Solve each system using substitution. check your solution.
a = 2/3b -3
a = 2b - 18
c = 3d -27
4d + 10c = 120
Ah, sometimes we do not see a question immediately. Also I am wondering what you have done so far yourself.
to find d you have to plug c = 3d -27 into 4d + 10c = 120. then maybe to find a you have to make 2/3b -3 =2b - 18. Not sure if that's right.
Sure Miley, those will work. However I told him that when he posted them earlier.
2 +2
2
-
6
To solve the first system of equations using substitution, we need to find the value of one variable in terms of the other from one equation and substitute it into the other equation. Let's begin:
Given:
a = (2/3)b - 3 ----(Equation 1)
a = 2b - 18 ----(Equation 2)
From Equation 1, let's solve for b:
a = (2/3)b - 3
Multiply through by 3 to eliminate the fraction:
3a = 2b - 9
Now, we have the value of b in terms of a. We can substitute this into Equation 2:
2b - 18 = 3a ----(Equation 2)
2(2/3)b - 18 = 3a (Substituting the value of b from Equation 1)
(4/3)b - 18 = 3a
Multiply through by 3/4 to eliminate the fraction:
(3/4)(4/3)b - (3/4)(18) = (3/4)(3a)
b - 13.5 = (9/4)a
Now, we have b in terms of a. We can plug this into Equation 1 to solve for a:
a = (2/3)b - 3
a = (2/3)(b - 13.5) - 3 (Substituting the value of b from above)
a = (2/3)b - 9 - 3
a = (2/3)b - 12
We have obtained the value of a in terms of b.

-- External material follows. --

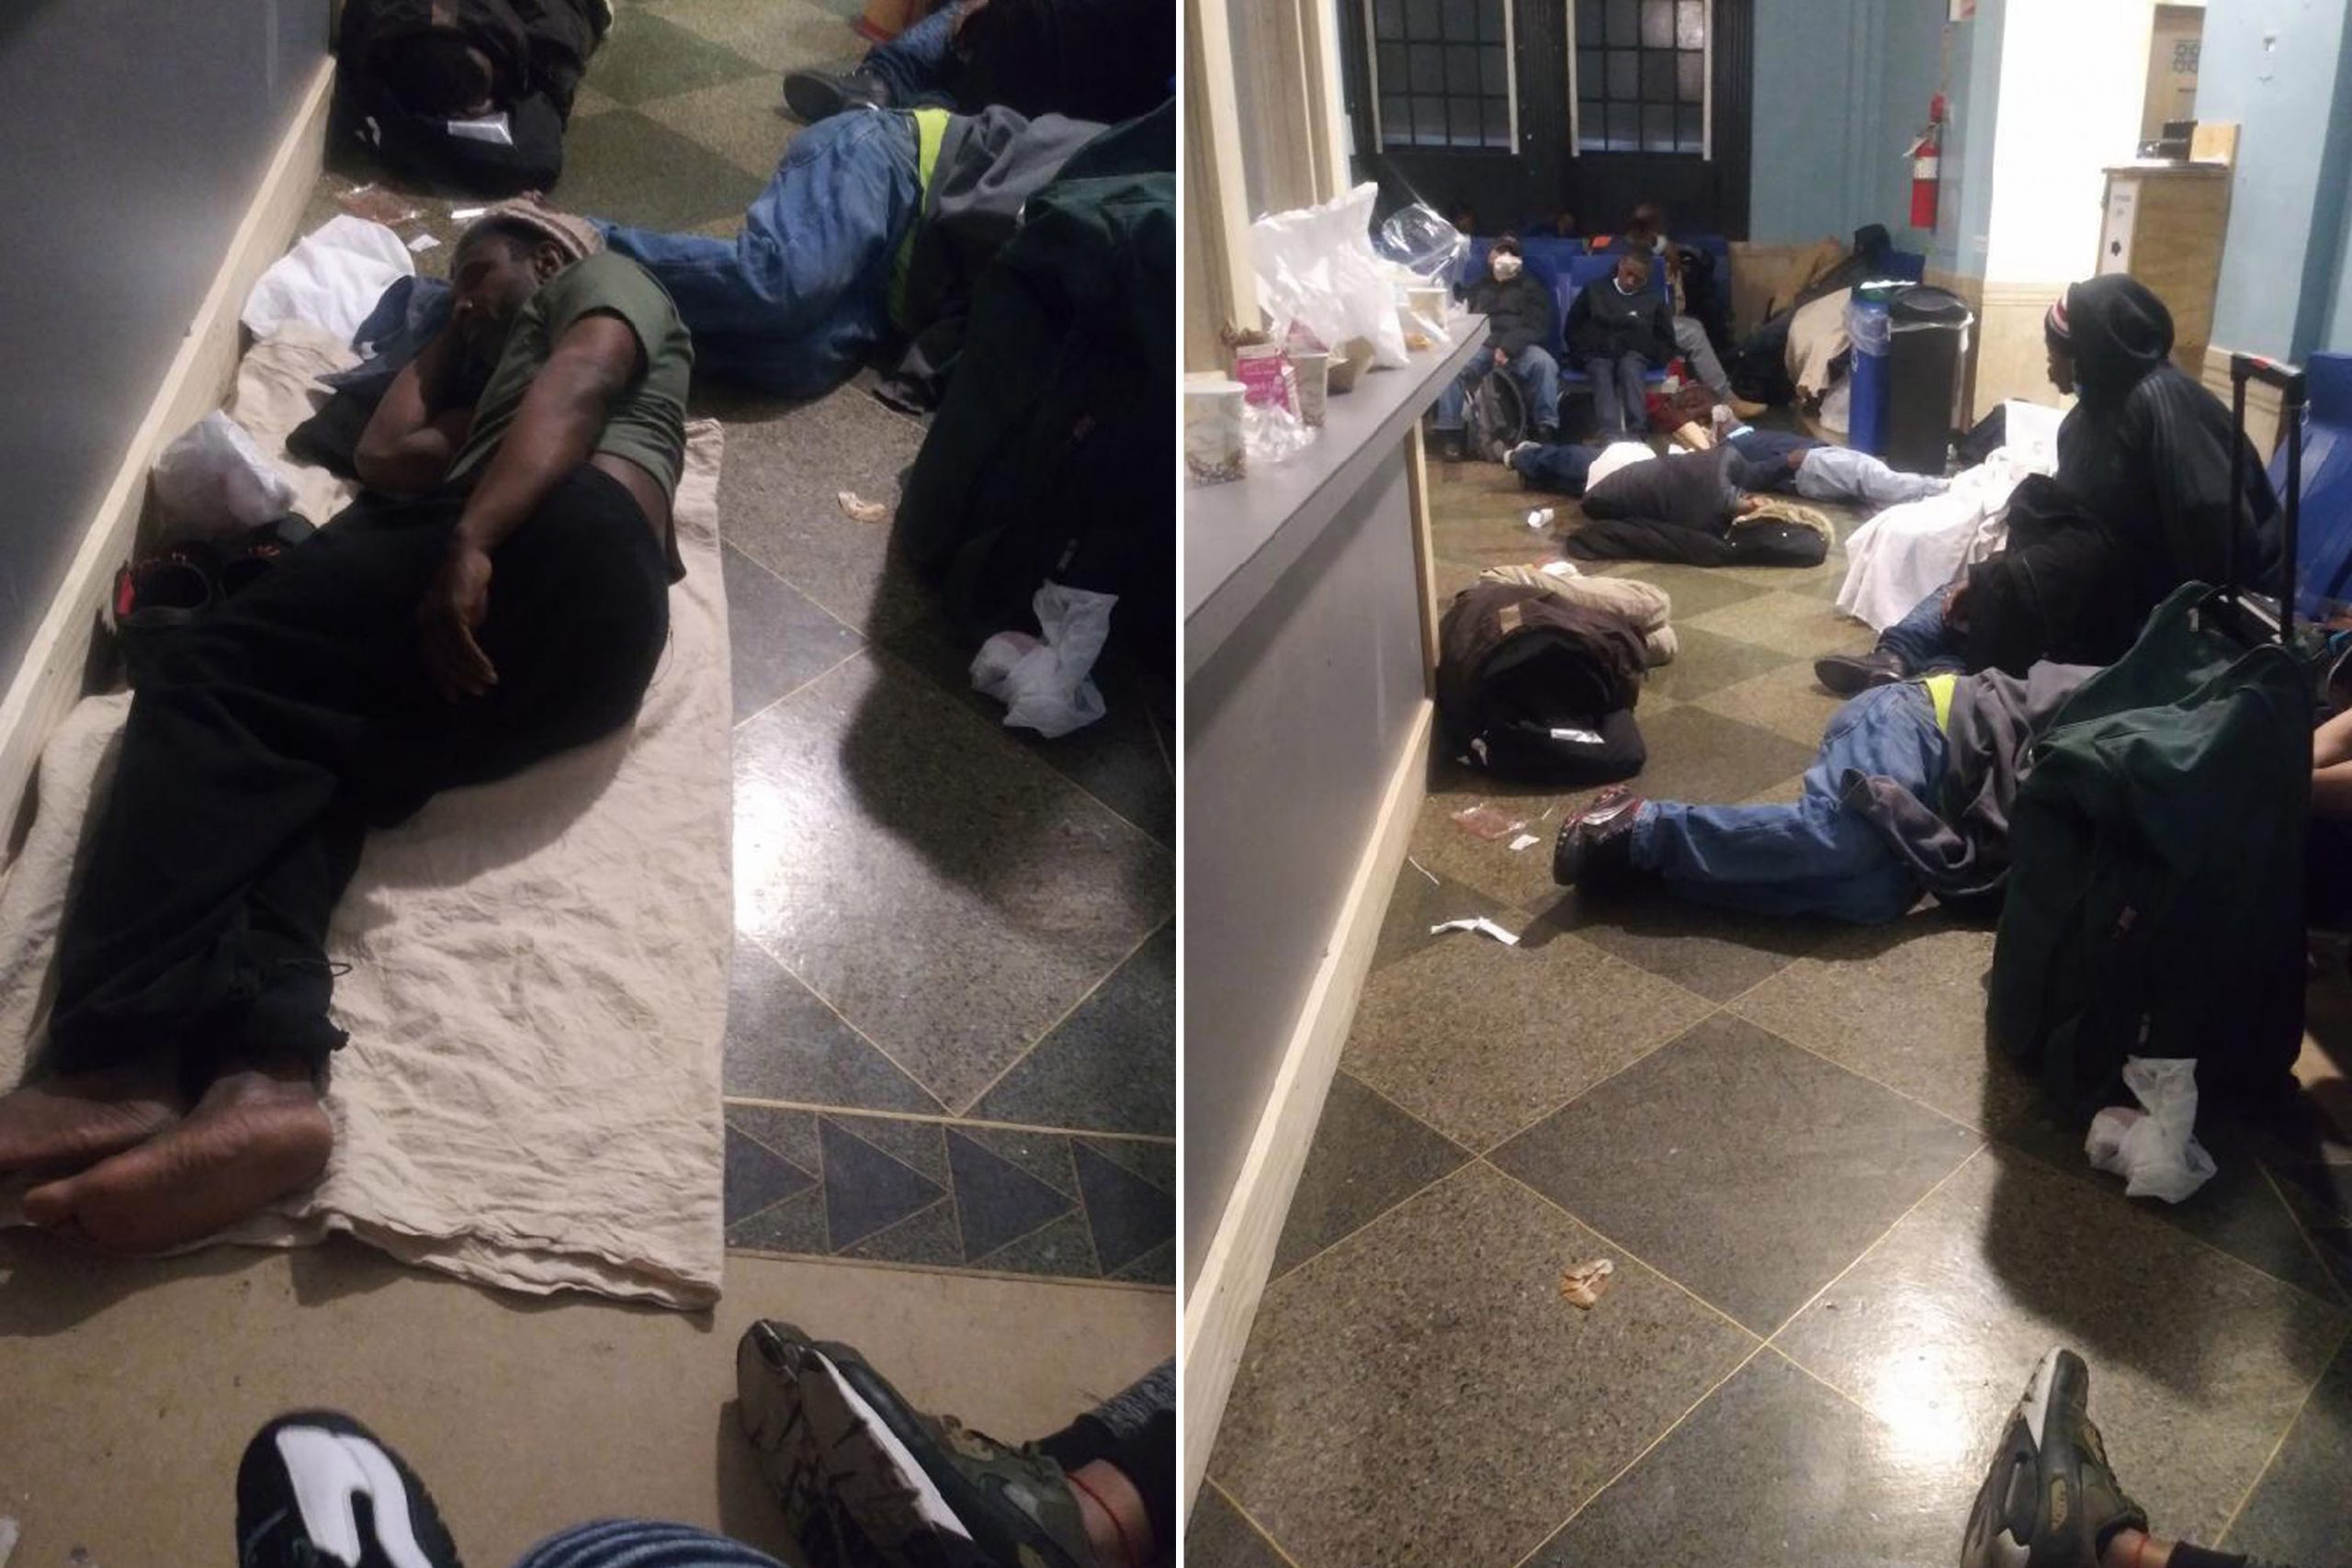 Men in homeless shelter trapped next to coronavirus carriers, K2 zombies

So, the solution to the first system is:
a = (2/3)b - 12
b = (9/4)a + 13.5
To check the solution, substitute the values of a and b into the original equations and see if they satisfy both equations.
Similarly, let's solve the second system using the method of substitution:
Given:
c = 3d - 27 ----(Equation 3)
4d + 10c = 120 ----(Equation 4)
From Equation 3, let's solve for c:
c = 3d - 27
Now, substitute this value into Equation 4:
4d + 10c = 120
4d + 10(3d - 27) = 120 (Substituting the value of c from Equation 3)
4d + 30d - 270 = 120
34d - 270 = 120
34d = 120 + 270
34d = 390
d = 390/34
d = 11.47 (rounded to two decimal places)

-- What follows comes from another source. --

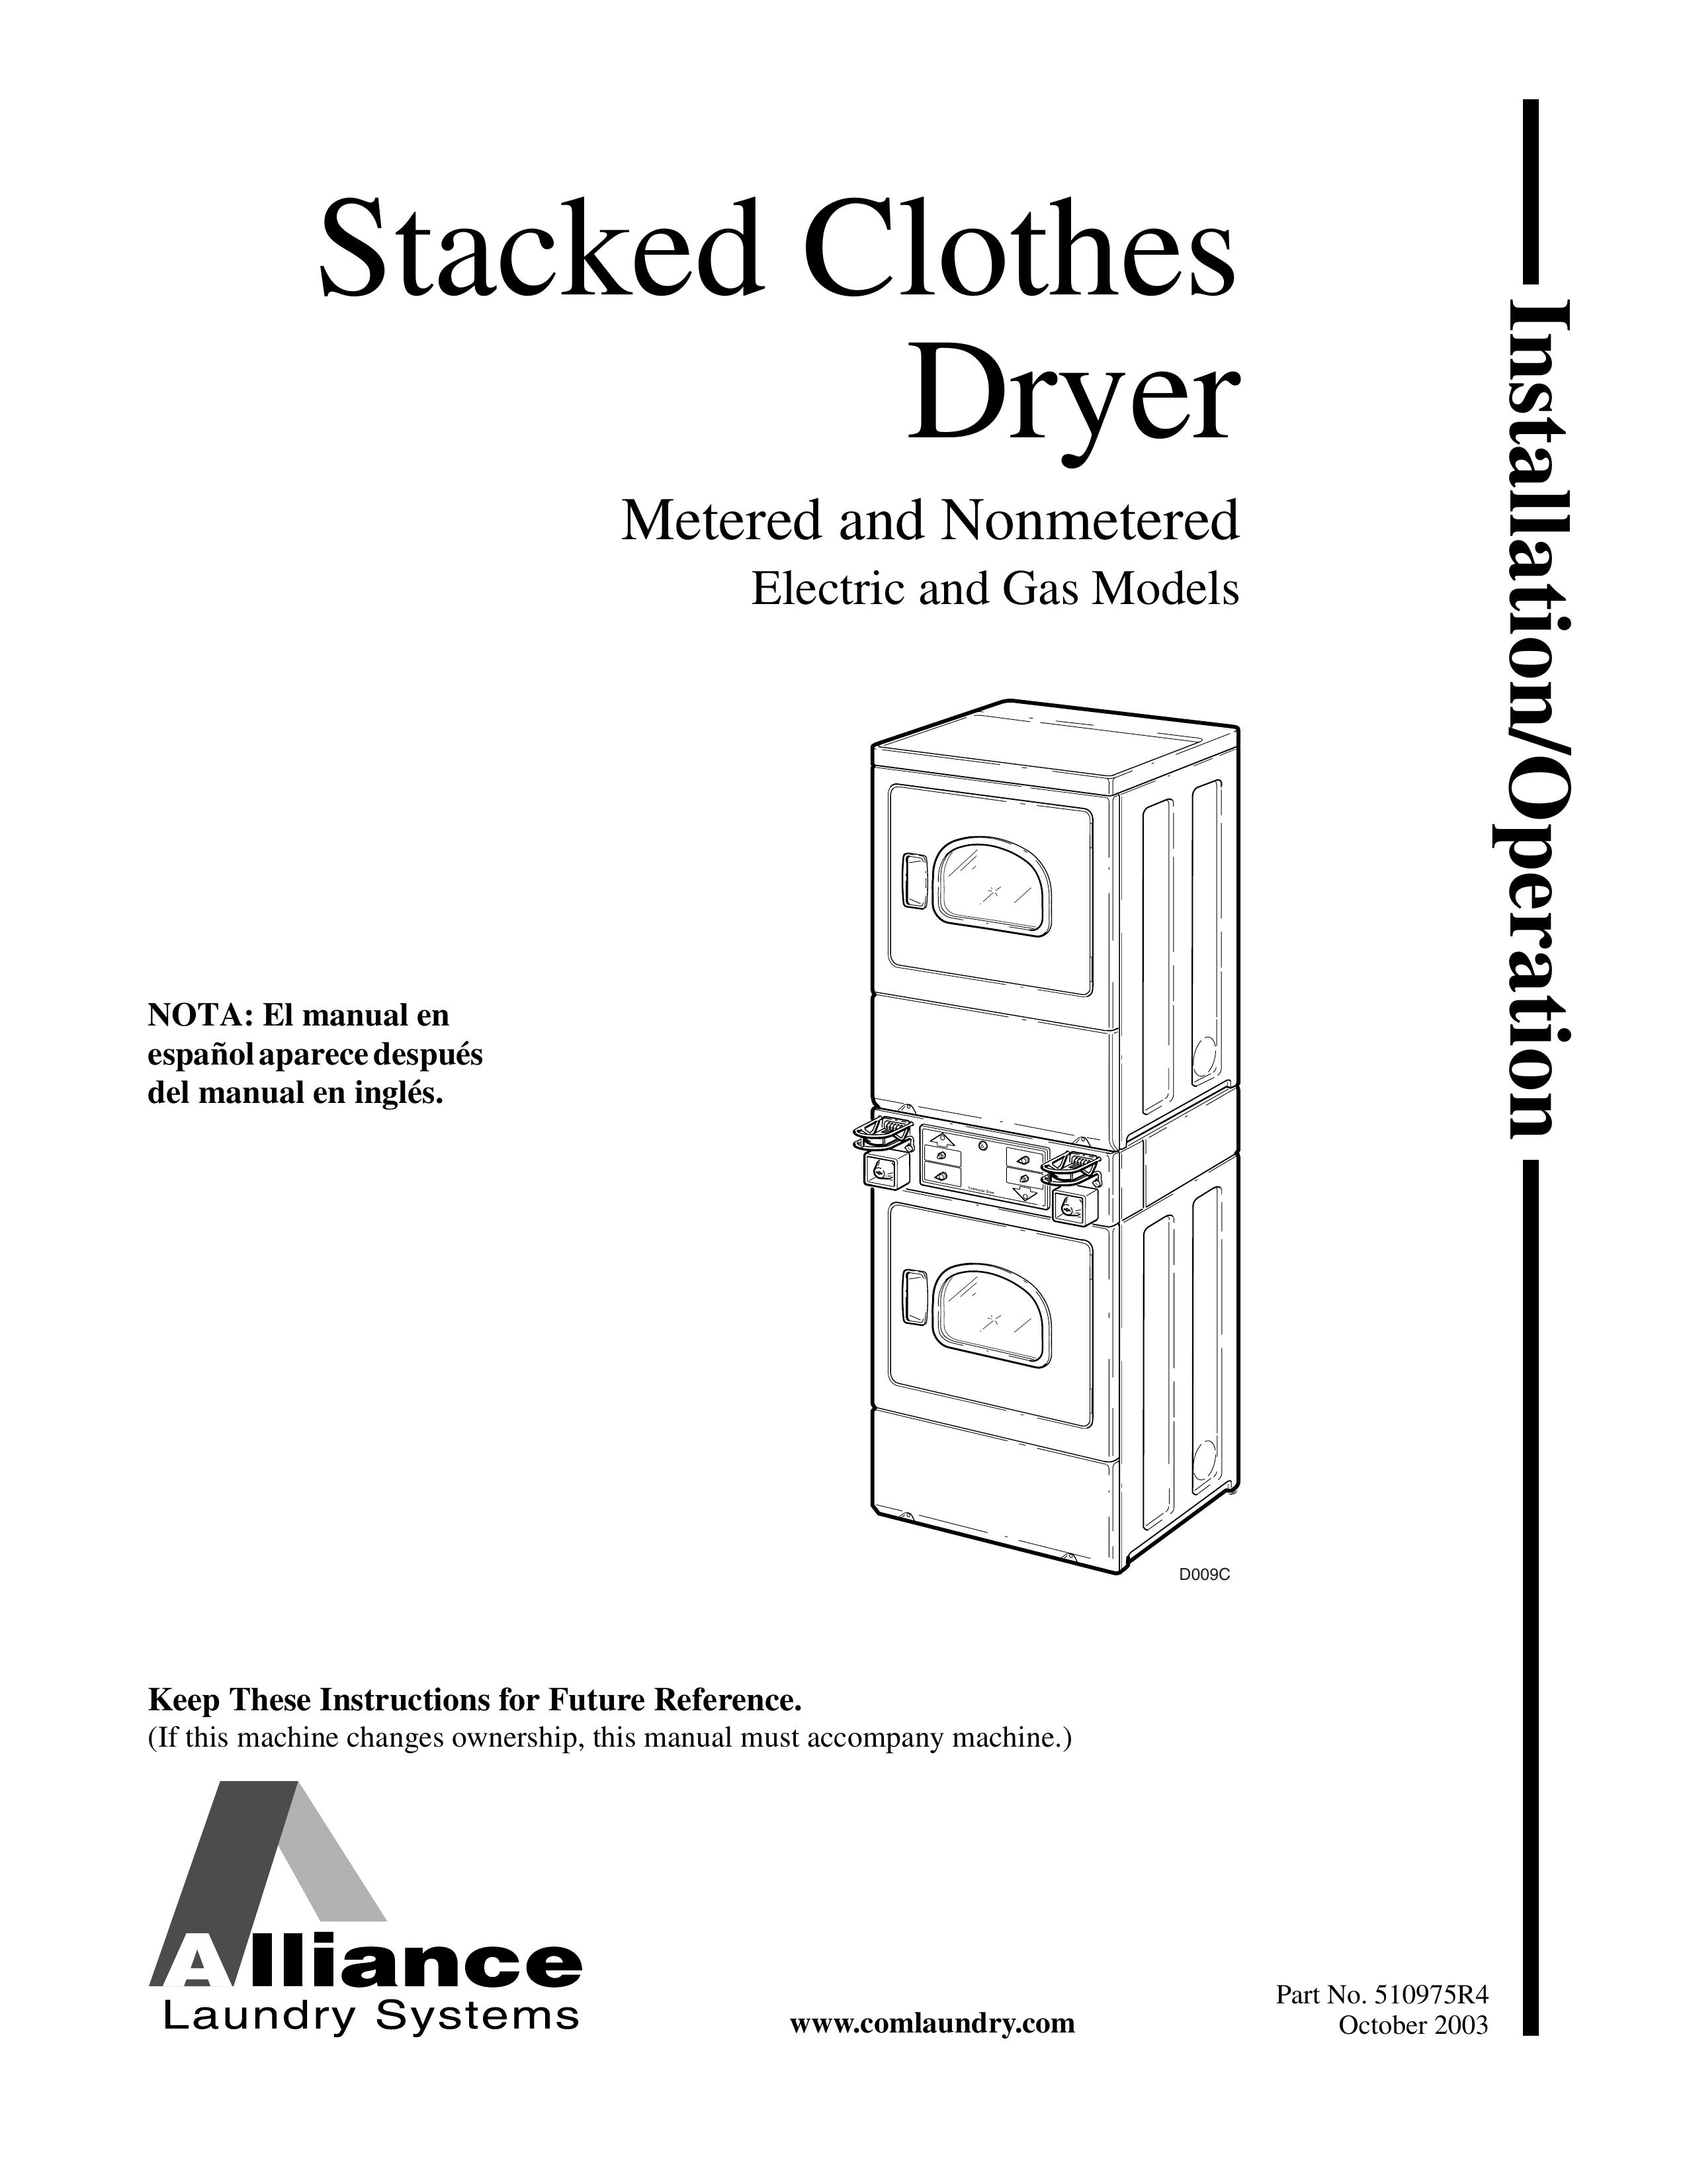 Alliance Laundry Systems Stacked Clothes Dryer Washer/Dryer User Manual

Now that we have the value of d, we can substitute it back into Equation 3 to find the value of c:
c = 3d - 27
c = 3(11.47) - 27
c = 34.41 - 27
c = 7.41 (rounded to two decimal places)
Therefore, the solution to the second system of equations is:
c = 7.41
d = 11.47
To check the solution, substitute the values of c and d into the original equations and see if they satisfy both equations.